Polskie fantazmaty kolonialne, do których wywołania (willingly or not) przyczyniła się nieszczęsna powieść Sienkiewicza są tematem fascynującym samym w sobie. Wiadomo, że Sławianie, my lubim sielanki (oraz, co jest mniej znanym cytatem, że kolonie polskie zaczynają się za Rembertowem), szlachtę raczej ciągnęło pod lipę a nie pod żagle, a morza nas interesowały raczej jako coś od czego do czego ma się Polska rozciągać, a nie jako punkt wyjścia do dalszych podróży. Rzecz więc cała zaczyna się przypadkowo, epizodem kurlandzkim, który zresztą sam w sobie jest mitotwórczy. Pamiętam swoją lekturę Robinsona Cruzoe w wieku lat bodaj ośmiu. Książka opatrzona była posłowiem (abo przedmową), w którym jego autor (tłumacz?) wskazywał na postać Aleksandra Selkirka i wyspę Juan Fernandez, ale też podawał alternatywną hipotezę (skądinąd, jak sprawdziłem całkiem ostatnio, autorstwa Hyatt Verrilla) lokalizującą akcję książki na Tobago. Przy tej właśnie okazji znalazło się miejsce na dygresję kurlandzką i spekulację - “byłbyż więc Robinson gościem Rzeczpospolitej Obojga Narodów?”. Tak oto, już jako ośmiolatek wiedziałem, że Polska miała kolonie (per procura, ale zawsze) i że Piętaszek był Polakiem.

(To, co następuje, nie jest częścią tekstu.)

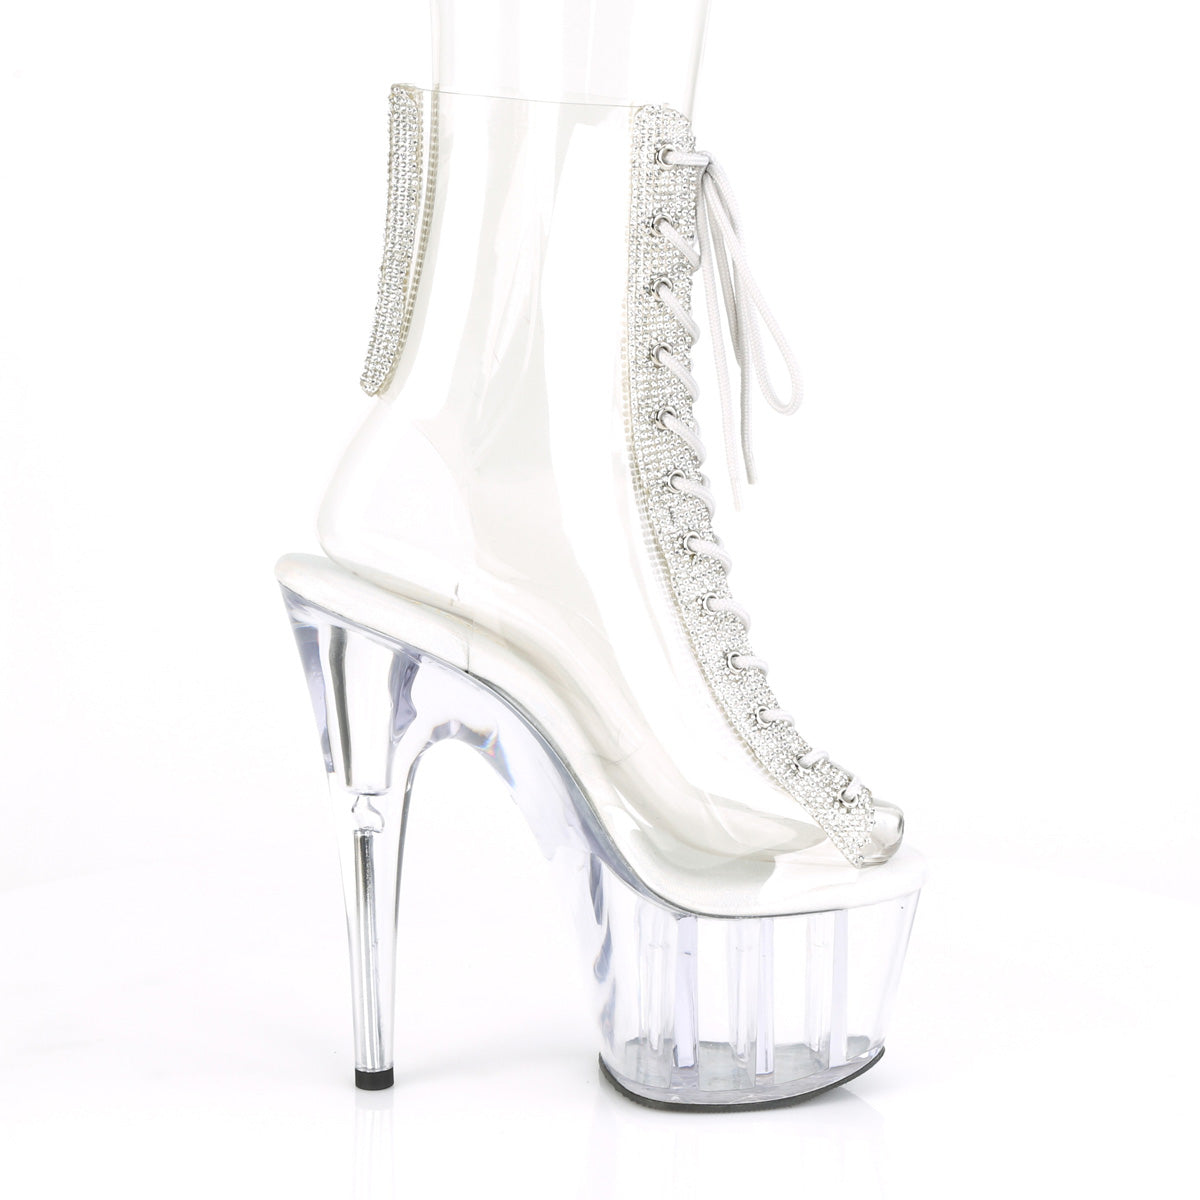 ADORE-1016C-2 Pleaser Pole Dancing Shoes Ankle Boots Pleasers - Sexy Shoes Fetish Heels
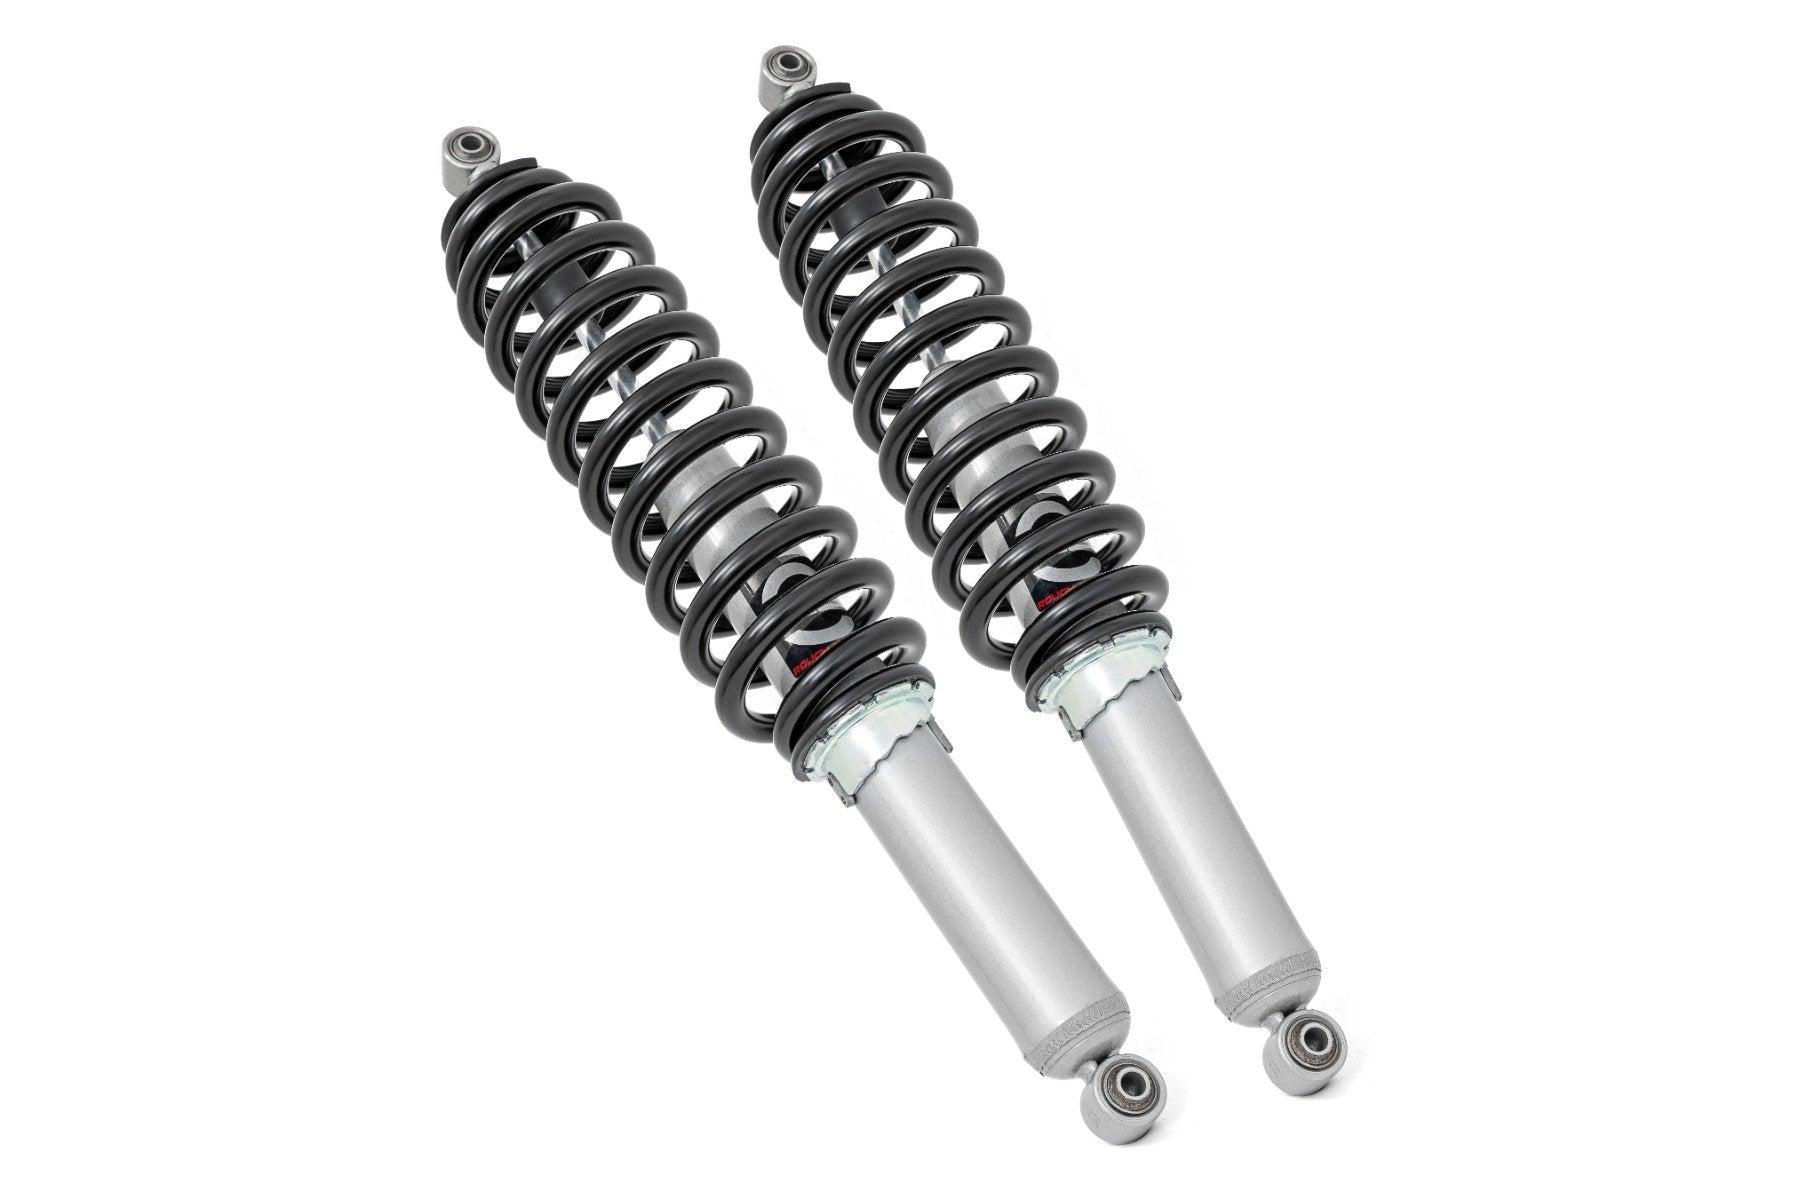 N3 Rear Coil Over Ranger Shocks – | Stock & Polaris Offroad Performance | Extreme

W całej historii kurlandzkiej symptomatyczne są dwa elementy - ogólna niechęć Władysława IV Wazy do pomysłów kolonialnych (ale jak ktoś ma w tytule Vladislaus Quartus Dei gratia rex Poloniae, magnus dux Lithuaniae, Russiae, Prussiae, Masoviae, Samogitiae, Livoniaeque, Smolenscie, Severiae, Czernichoviaeque necnon Suecorum, Gothorum Vandalorumque haereditarius rex, electus magnus dux Moschoviae to go mniejszosciowe udziały w jakichś luterańskich geszeftach mało interesują) oraz fakt, że Tobago sprezentował Kettlerowi jego ojciec chrzestny, Jakub I Stuart (jak widać tradycja sprawiania drogich prezentów chrześniakom nie jest całkiem nowa).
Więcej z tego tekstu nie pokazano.